1- QUANDO SI CELEBRA IL RITO DEL BATTESIMO

Fratelli, con unanime preghiera
sosteniamo la gioiosa speranza dei nostri fratelli
perché Dio, Padre onnipotente e misericordioso,
li guidi nella sua bontà al fonte della rigenerazione.
[Se non ci sono battezzandi]
Carissimi,
invochiamo la benedizione di Dio Padre onnipotente
sul fonte battesimale,
nel quale i nostri fratelli
saranno rigenerati in Cristo,
per entrare nella famiglia di Dio.
BENEDIZIONE DELL’ACQUA
Preghiamo.
Dio onnipotente ed eterno,
vieni e anima con la tua presenza
questo sacramento del tuo grande amore;
manda il tuo Spirito a generare dal fonte battesimale
la nuova progenie dei tuoi figli
e fa’ che l’efficacia della tua potenza
dia vigore alla pochezza del nostro ministero.
Per Cristo nostro Signore.
Amen.
Ricevi la forza di Dio per la salvezza
e sii acqua santa e benedetta.
Sii benedetta per il Dio † vero, per il Dio † vivo, per il Dio † santo,
o acqua, che egli separò dalla terra al principio del mondo;
acqua effusa dalla fonte del cielo
e inviata per quattro fiumi a irrigare tutta la terra;
acqua amarissima,
resa dolce dal legno che prefigurava la croce;
acqua sgorgata dalla roccia
per dissetare il popolo prediletto;
acqua risanatrice, in cui fu mondato dalla lebbra Naham il siro.
Sii benedetta per il Signore nostro Gesù Cristo,
Figlio del Dio vivente,
che in Cana di Galilea ti trasformò mirabilmente in vino;
che camminò sulle tue onde,
in te si immerse, in te fu battezzato da Giovanni;
e ti chiamò fonte di Siloe,
volendo che in te il cieco si lavasse gli occhi per ricuperare la vista;
acqua sorgente di vita,
che lasciò scaturire dal suo fianco insieme con il sangue,
per comandare infine ai suoi discepoli:
andate, portate il vangelo a tutte le genti
e battezzatele nel nome del Padre e del Figlio e dello Spirito santo.
Sii benedetta per l’efficacia dello Spirito santo,
o acqua pura e purificante,
perché essa possa dissipare ogni presenza diabolica,
ogni influsso del Maligno
e liberare chi sarà immerso in te per il battesimo
e gioioso in te rinascerà senza colpa.
Nel nome di Dio Padre onnipotente,
nel nome di Gesù Cristo,
Figlio del Dio vivo,
che verrà nello Spirito santo
a giudicare il mondo con il fuoco.
Amen.

CONFERIMENTO DEL BATTESIMO
Cari genitori, padrini e madrine,
i bambini che voi presentate stanno per ricevere il battesimo.

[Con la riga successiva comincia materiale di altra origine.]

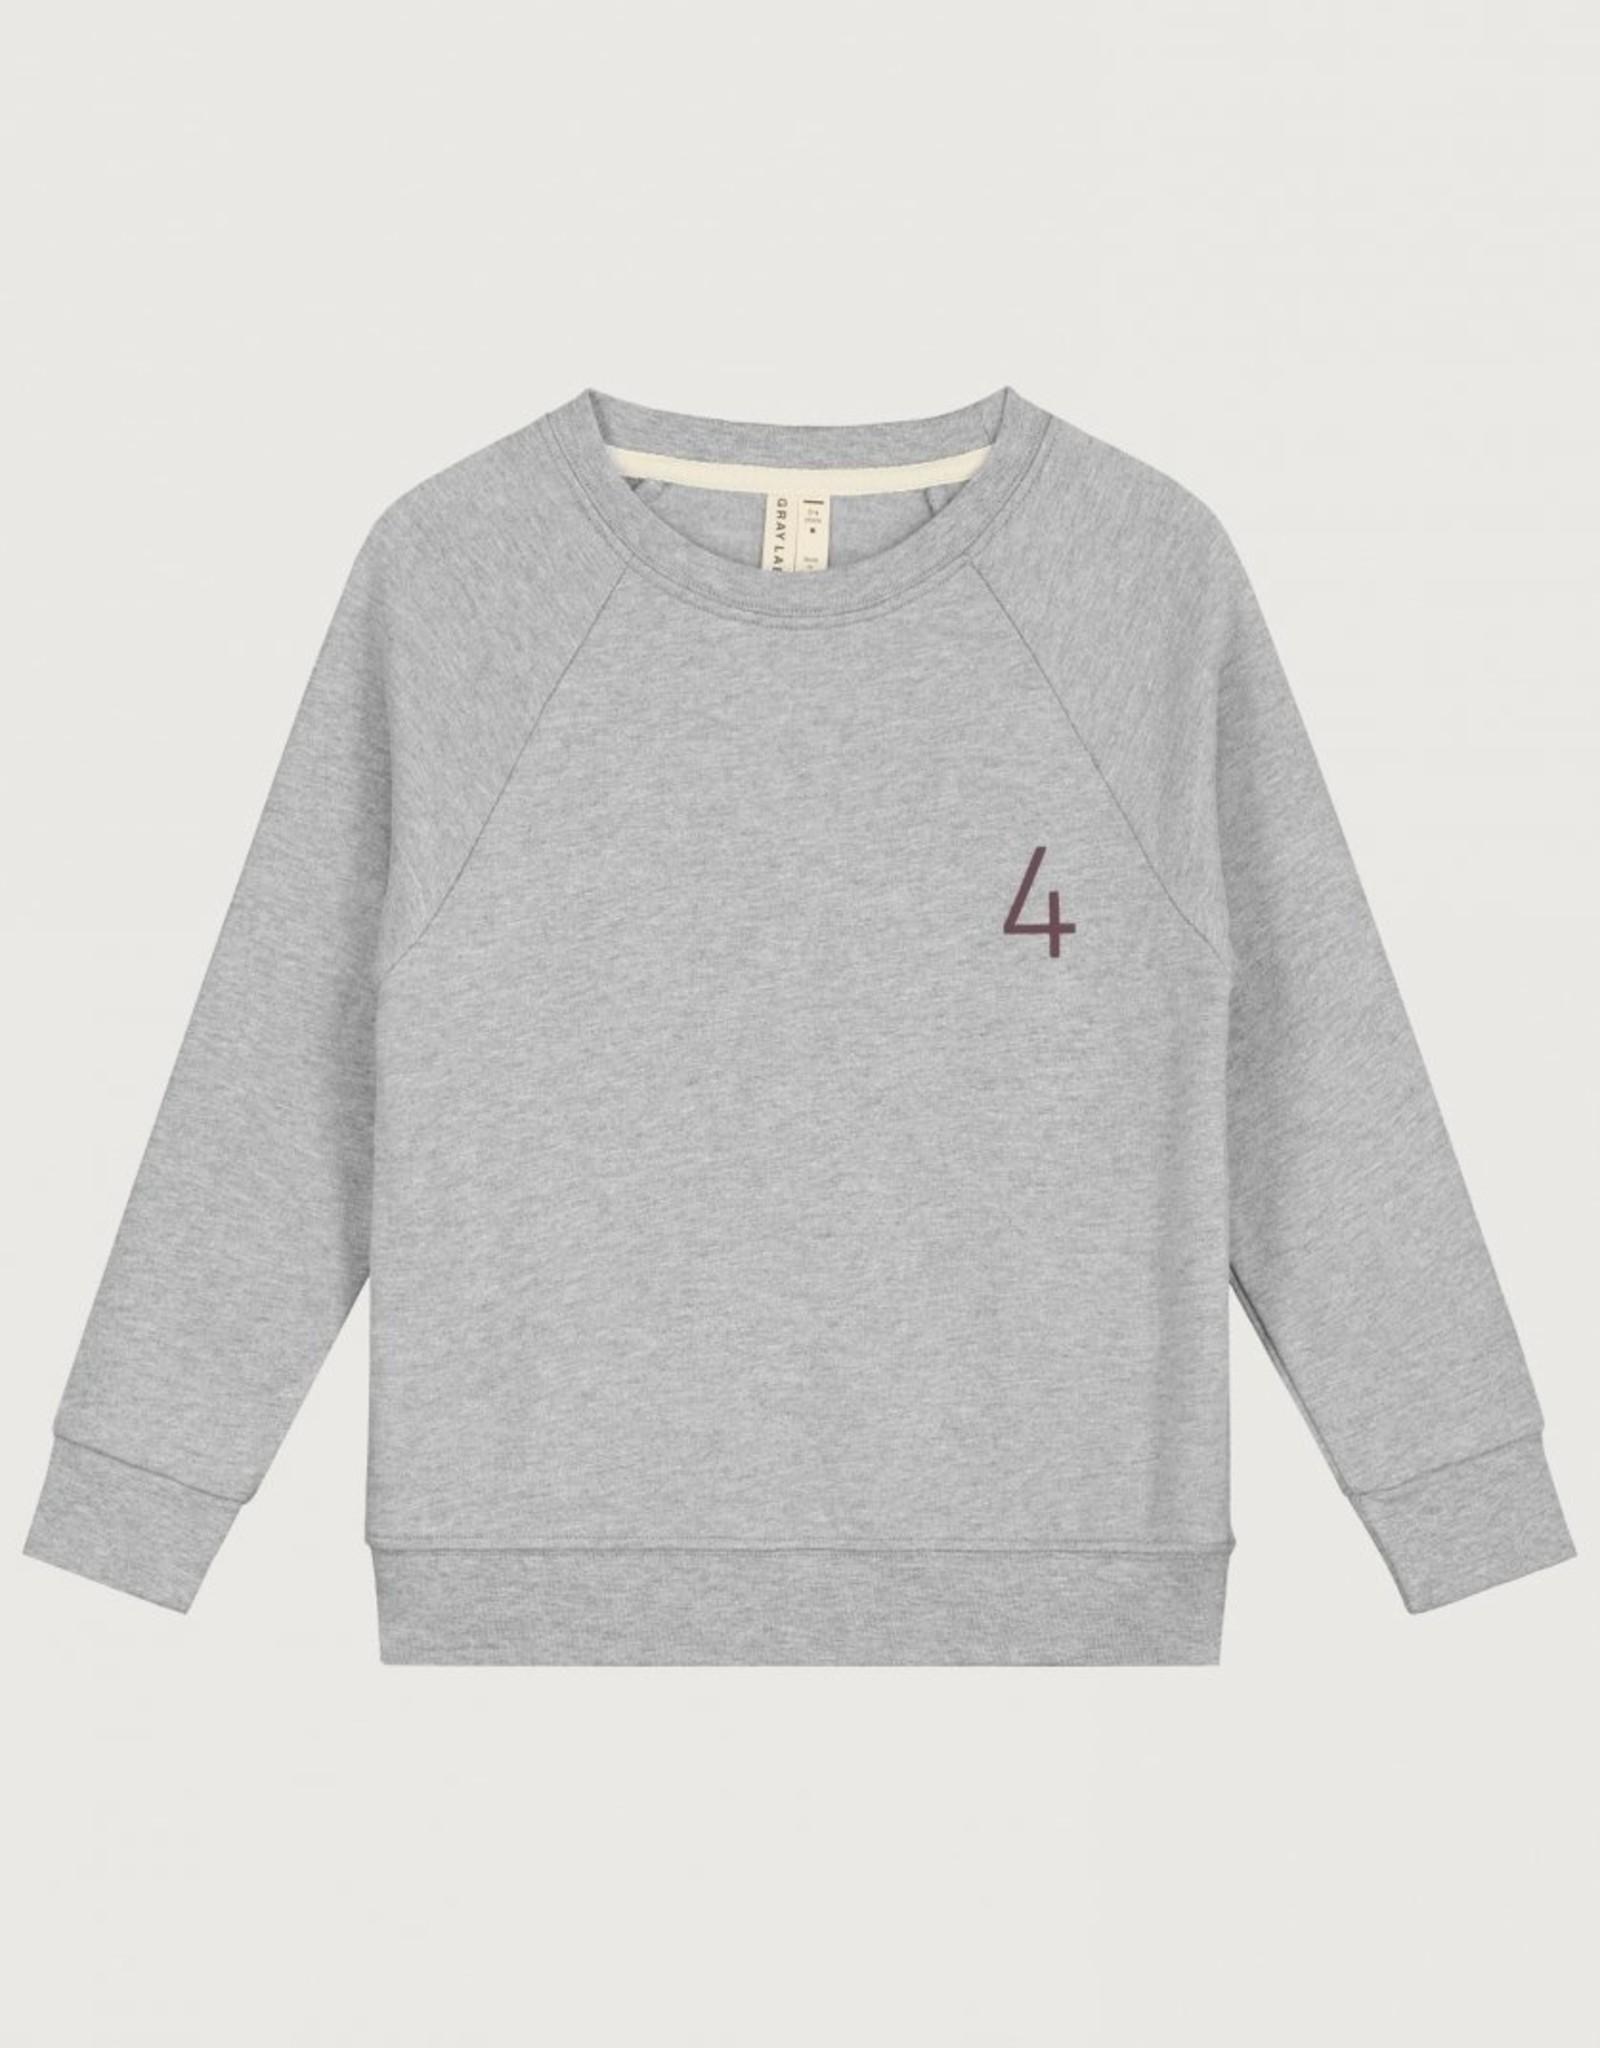 Gray Label Gray Label sweater 4 in grey melange

Nel suo amore Dio darà loro una vita nuova
e rinasceranno dall’acqua e dallo Spirito santo.
A voi il compito di educarli nella fede
perché la vita divina che ricevono in dono
sia preservata dal peccato e cresca di giorno in giorno.
Se dunque, in forza della vostra fede,
siete pronti ad assumervi questo impegno,
memori delle promesse del vostro battesimo,
rinunziate al peccato
e fate con tutto il popolo di Dio
la vostra professione di fede in Cristo Gesù:
è la fede della Chiesa
nella quale i vostri figli vengono battezzati.
[Se i battezzandi sono bambini e adulti]
Carissimi genitori e padrini,
col sacramento del battesimo i bambini da voi presentati
riceveranno dall’amore del Signore,
e in virtù dell’acqua e dello Spirito Santo,
una vita nuova.
Sarete voi a farli crescere nella fede,
così che tale vita nuova
trascorra lontana dal contagio della colpa,
e maturi giorno dopo giorno nelle opere della grazia.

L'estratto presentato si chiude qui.